The code words of a linear code $C$ have the length $n=5$.
Writing the code words into a matrix to get the linear independent ones, we get the following: \begin{equation*}\begin{pmatrix}0 & 0 & 0 & 0 & 0 \\ 0 & 1 & 1 & 0 & 1 \\ 1 & 0 & 1 & 1 & 1 \\ 1 & 1 & 0 & 1 & 0\end{pmatrix}\rightarrow \ldots \rightarrow \begin{pmatrix}1 & 1 & 0 & 1 & 0 \\ 0 & 1 & 1 & 0 & 1 \\ 0 & 0 & 0 & 0 & 0 \\ 0 & 0 & 0 & 0 & 0\end{pmatrix}\end{equation*}
So the dimension of $C$ is $m=2$.
Wir have also the minimum distance $d(C) =3$.
The generator matrix of $C$ is \begin{equation*}G=\begin{pmatrix}1 & 1 & 0 & 1 & 0 \\ 0 & 1 & 1 & 0 & 1 \end{pmatrix}\end{equation*}
The canonical generator matrix is \begin{equation*}G'=\begin{pmatrix}1 & 0 & 1 & 1 & 1 \\ 0 & 1 & 1 & 0 & 1 \end{pmatrix}\end{equation*}
And the canonical parity check matrix is \begin{equation*}H'=\begin{pmatrix}1 & 1 & 1 & 0 & 0 \\ 1 & 0 & 0 & 1 & 0 \\ 1 & 1 & 0 & 0 & 1\end{pmatrix}\end{equation*}
Now there is the following question:
How many errors are at least detected at the code $C$ if $11100$ is received?

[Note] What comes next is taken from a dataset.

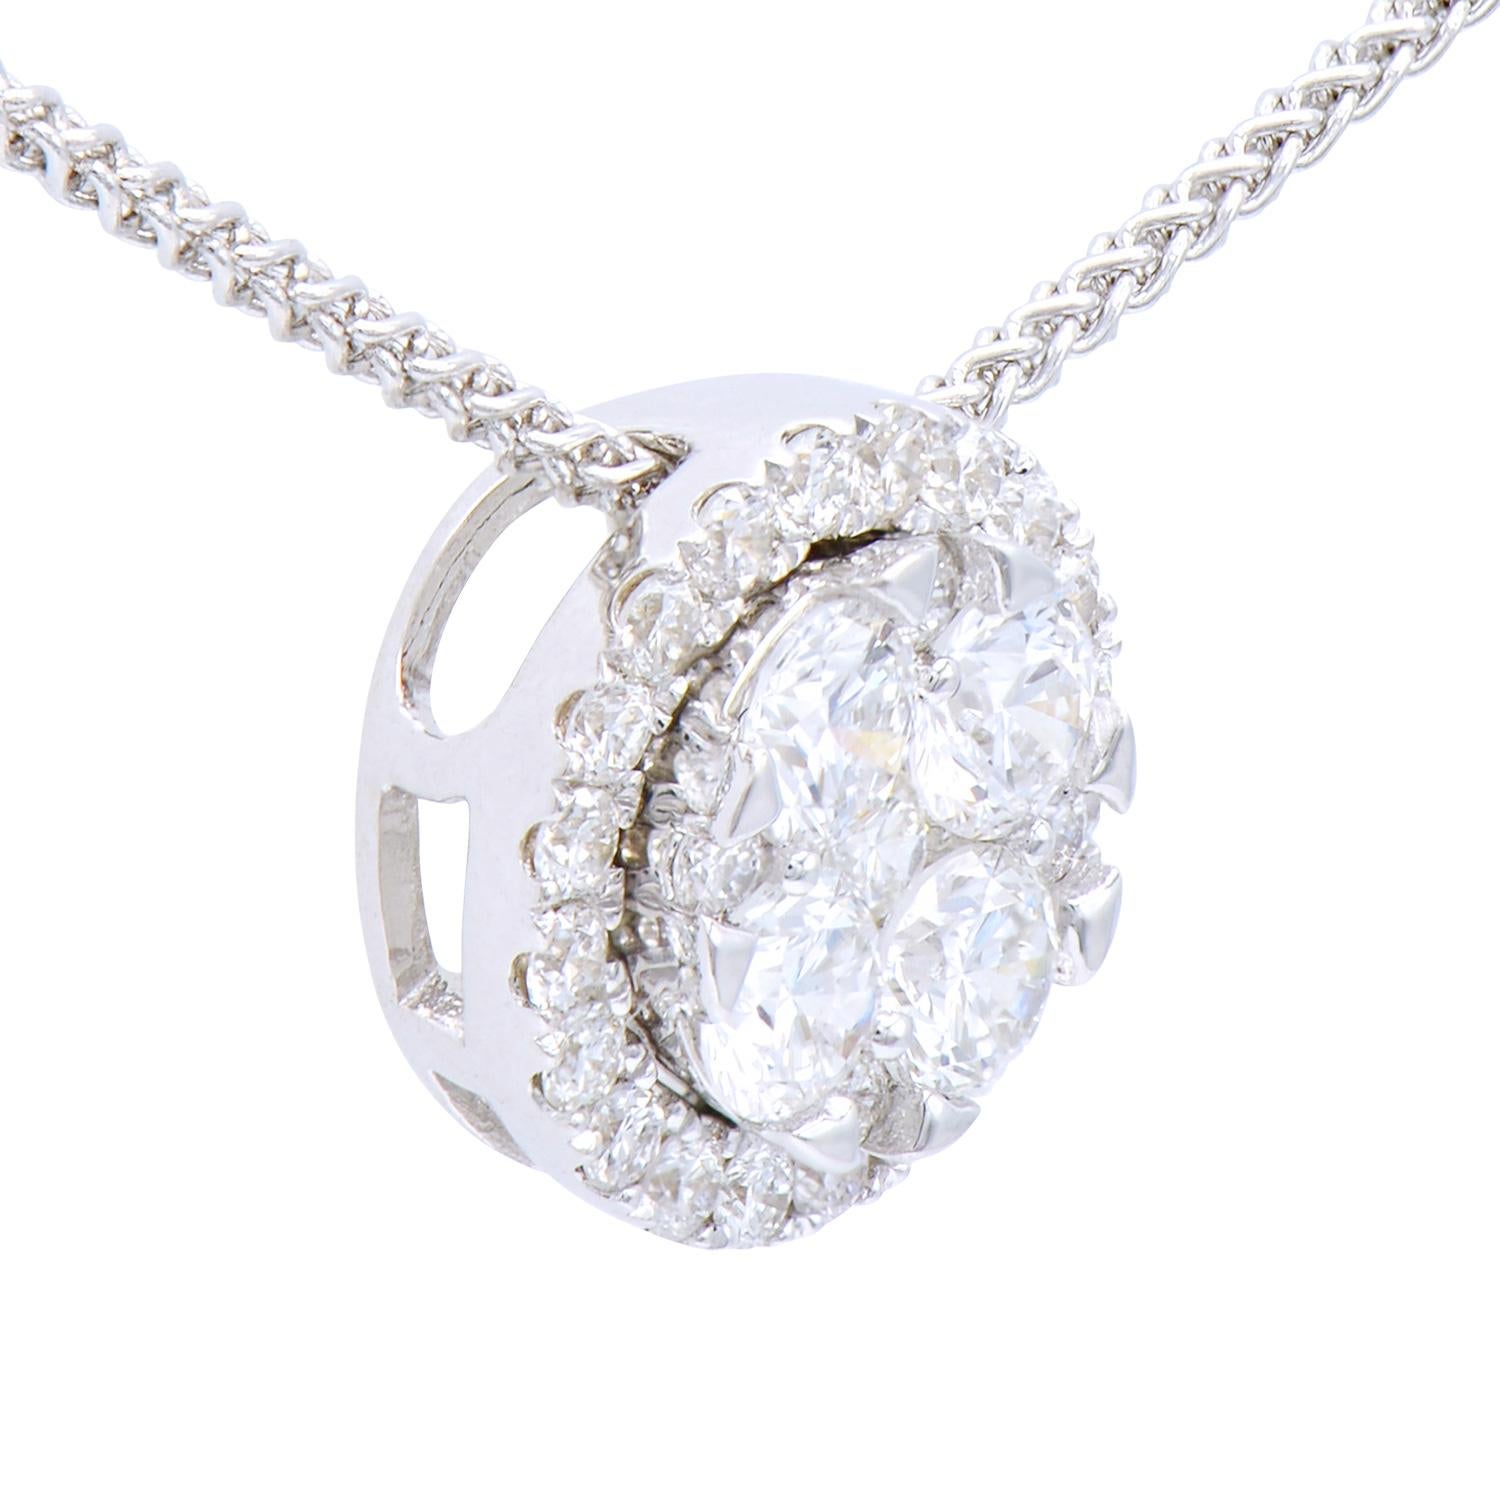 Ce magnifique pendentif circulaire est composé de 4 diamants de 0,35 carats entourés de 25 diamants ronds de 0,2 carats, tous de couleur VS2, G. Elles sont serties dans 1,0 gramme d'or blanc 18 carats avec une chaîne 18 carats également. Ce look

Could you give me a hint for that?
It's easy enough by hand in this case: we only have 4 code words (dimension 2 over binary and $2^2=4$) all of which are enumerated in your first matrix as its rows. We have received $r=11100$. Compute the distances to the code words:
$$d(00000,r)=3, d(01101,r)=2, d(10111,r)=3, d(11010,r)=2$$, so we detect (at least) $2$ errors. ($2$ being the most likely tpyically). We cannot correct $r$ because there are two code words at distance $2$. Minimum distance $3$ tells us we can correct 1 error and detect at most 2.